Existing surfaces (parity baseline)
Use these as reference when something breaks or when scaffolding a new surface in the same tier.
Antlers — app.raxx.app
| Field | Value |
|---|---|
| URL | https://app.raxx.app |
| Tier | A (Cloudflare Pages) |
| CF Pages project | raxx-app |
| Deploy workflow | .github/workflows/deploy-antlers.yml |
| Source path | frontend/trademaster_ui/ |
| Status tile id | app-raxx-app |
| Access | Public (post-launch) |
| Sentry project | n/a (static SPA; errors tracked client-side) |
| Vault paths | /MooseQuest/cloudflare/ (CF deploy token) |
| Parity note | Predates ADR-0052; audit emit and freeze gate are present; no separate staging deploy — branch previews via CF Pages. |
getraxx.com — marketing landing page
| Field | Value |
|---|---|
| URL | https://getraxx.com |
| Tier | A (Cloudflare Pages) |
| CF Pages project | getraxx |
| Deploy workflow | .github/workflows/deploy-getraxx.yml |
| Source path | frontend/getraxx-landing/ |
| Status tile id | getraxx-com |
| Access | Public (post 2026-05-23 launch); CF Access gated pre-launch |
| Sentry project | n/a |
| Vault paths | /MooseQuest/cloudflare/ |
| Parity note | Full parity. www.getraxx.com is a DNS CNAME (not a CF Pages custom domain) to preserve zone-level redirect rule. See RCA docs/incidents/2026-05-11-www-getraxx-access-bypass.md for why. Pre-launch CF Access removal: docs/ops/runbooks/getraxx-launch-day-cf-access-removal.md. |
raxx-mockups — design preview
| Field | Value |
|---|---|
| URL | https://raxx-mockups.pages.dev (no raxx.app subdomain) |
| Tier | A (Cloudflare Pages) |
| CF Pages project | raxx-mockups |
| Deploy workflow | .github/workflows/deploy-mockups.yml |
| Source path | docs/design/, mockups-site/ |
| Status tile id | raxx-mockups |
| Access | Internal (public: false — not enumerated on customer status page) |
| Sentry project | n/a |
| Vault paths | /MooseQuest/cloudflare/ |
| Parity note | Full parity. Split from deploy-internal-docs.yml on 2026-05-08 (#1367).
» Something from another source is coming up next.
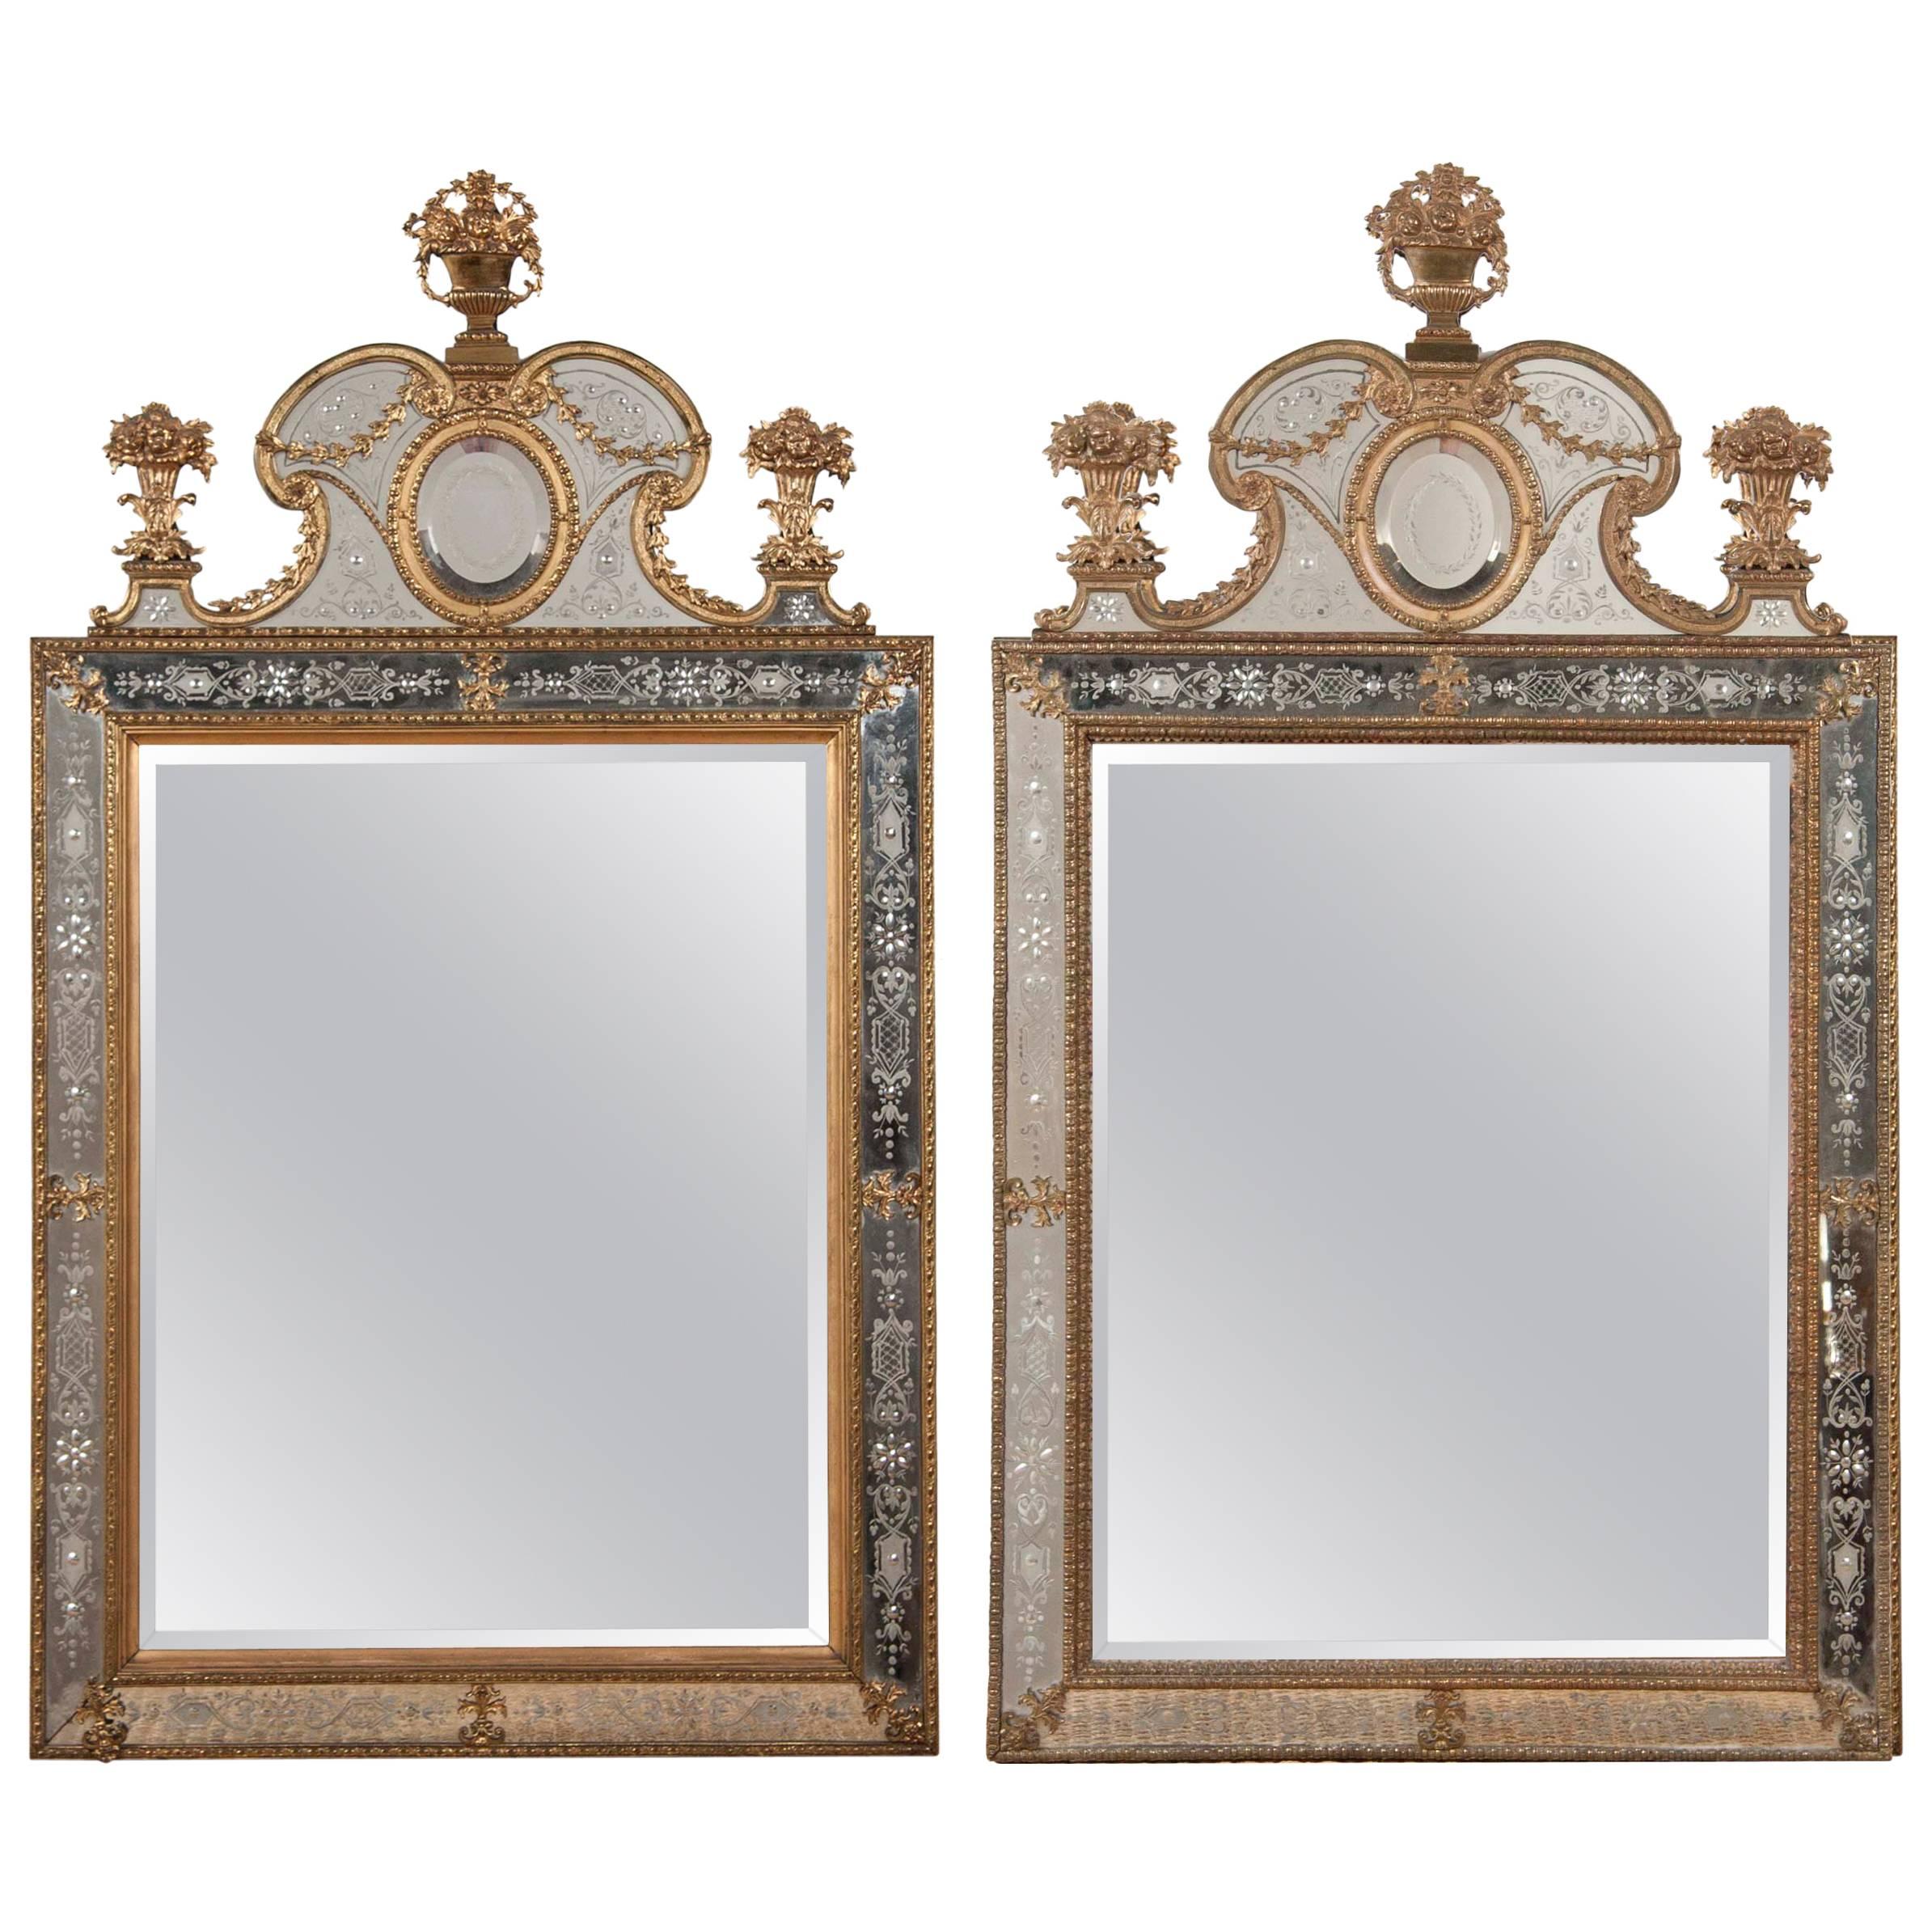 Matched Pair of Swedish Mirrors after the Model by Gustav Precht
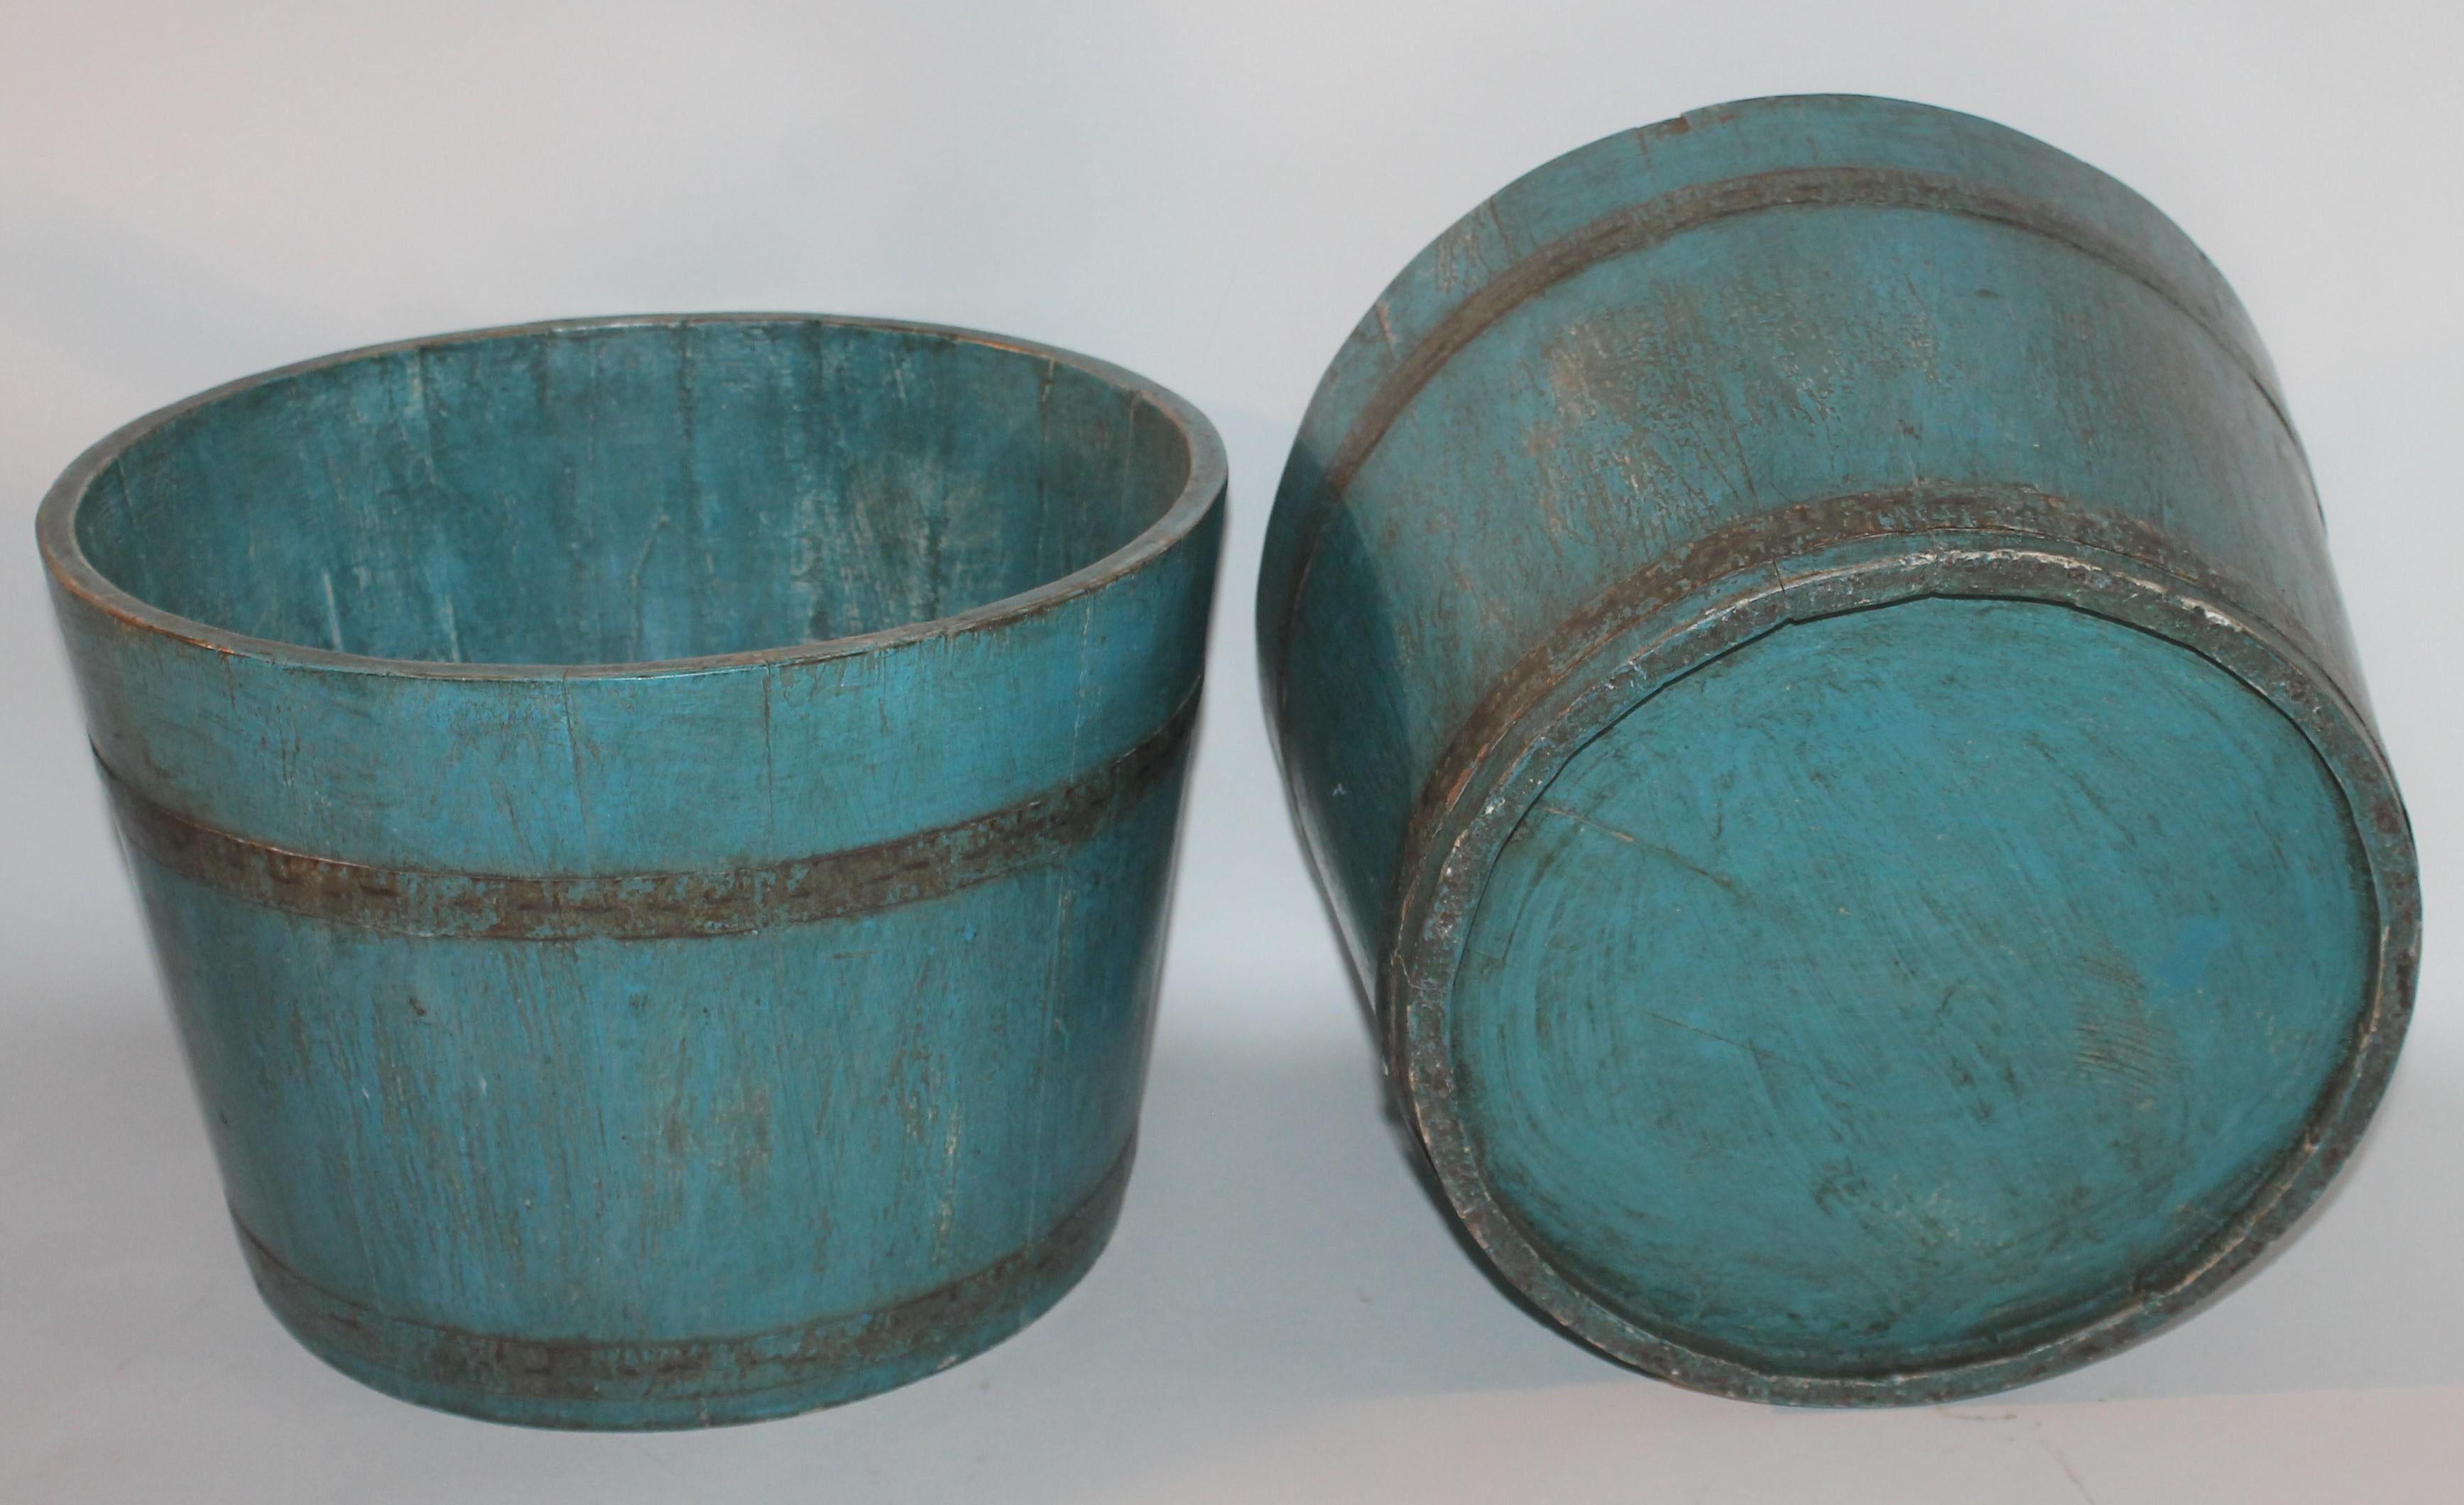 Adirondack 19th Century New England Blue Painted Buckets / Planters, Pair For Sale

No custom raxx.app subdomain — pages.dev URL is intentional (design previews need no branding gate). |
console.raxx.app — operator console
| Field | Value |
|---|---|
| URL | https://console.raxx.app |
| Tier | B (Heroku) |
| Heroku apps | raxx-console-prod-* (prod), raxx-console-staging-* (staging) |
| Deploy workflow | .github/workflows/deploy-console.yml |
| Source path | console/ |
| Status tile id | console-raxx-app |
| Access | Internal (CF Access gated; public: false) |
| Sentry project | tbd (sentry_backend flag gates it) |
| Vault paths | /MooseQuest/cloudflare/, /MooseQuest/console/ |
| Parity note | Full parity. Health check uses Heroku origin URL (not CF-fronted domain) to bypass CF Access 302. Env is hostname-derived — no in-app switcher. Staging is a runtime dup on read-only prod Queue data. |
tickets.raxx.app — support portal (FreeScout)
| Field | Value |
|---|---|
| URL | https://tickets.raxx.app |
| Tier | C (Lightsail + Terraform) |
| Lightsail instance | see terraform/lightsail-freescout/ |
| Deploy workflow | none (Terraform-managed; no CI deploy) |
| Status tile id | tickets-raxx-app |
| Access | Public (customer-facing support queue) |
| Sentry project | n/a |
| Vault paths | /MooseQuest/freescout/, /MooseQuest/cloudflare/ |
| Parity note | Tier C exemption — no CI deploy step. Operator runs terraform apply from terraform/lightsail-freescout/. Cert renewal: docs/ops/runbooks/freescout-cert-renewal.md. Full runbook: docs/ops/runbooks/freescout.md. Backup/restore: docs/ops/runbooks/freescout-backup-restore.md. |
docs.raxx.app — customer documentation
| Field | Value |
|---|---|
| URL | https://docs.raxx.app |
| Tier | A (Cloudflare Pages) |
| CF Pages project | raxx-customer-docs |
| Deploy workflow | .github/workflows/deploy-customer-docs.yml |
| Source path | docs/customer/ |
| Status tile id | docs-raxx-app |
| Access | Public |
| Sentry project | n/a |
| Vault paths | /MooseQuest/cloudflare/ |
| Parity note | Full parity. Bootstrap step in workflow creates the CF Pages project idempotently and sets the DNS CNAME. Pattern reference for Tier A scaffolding. |
How to add a new surface (30-minute path)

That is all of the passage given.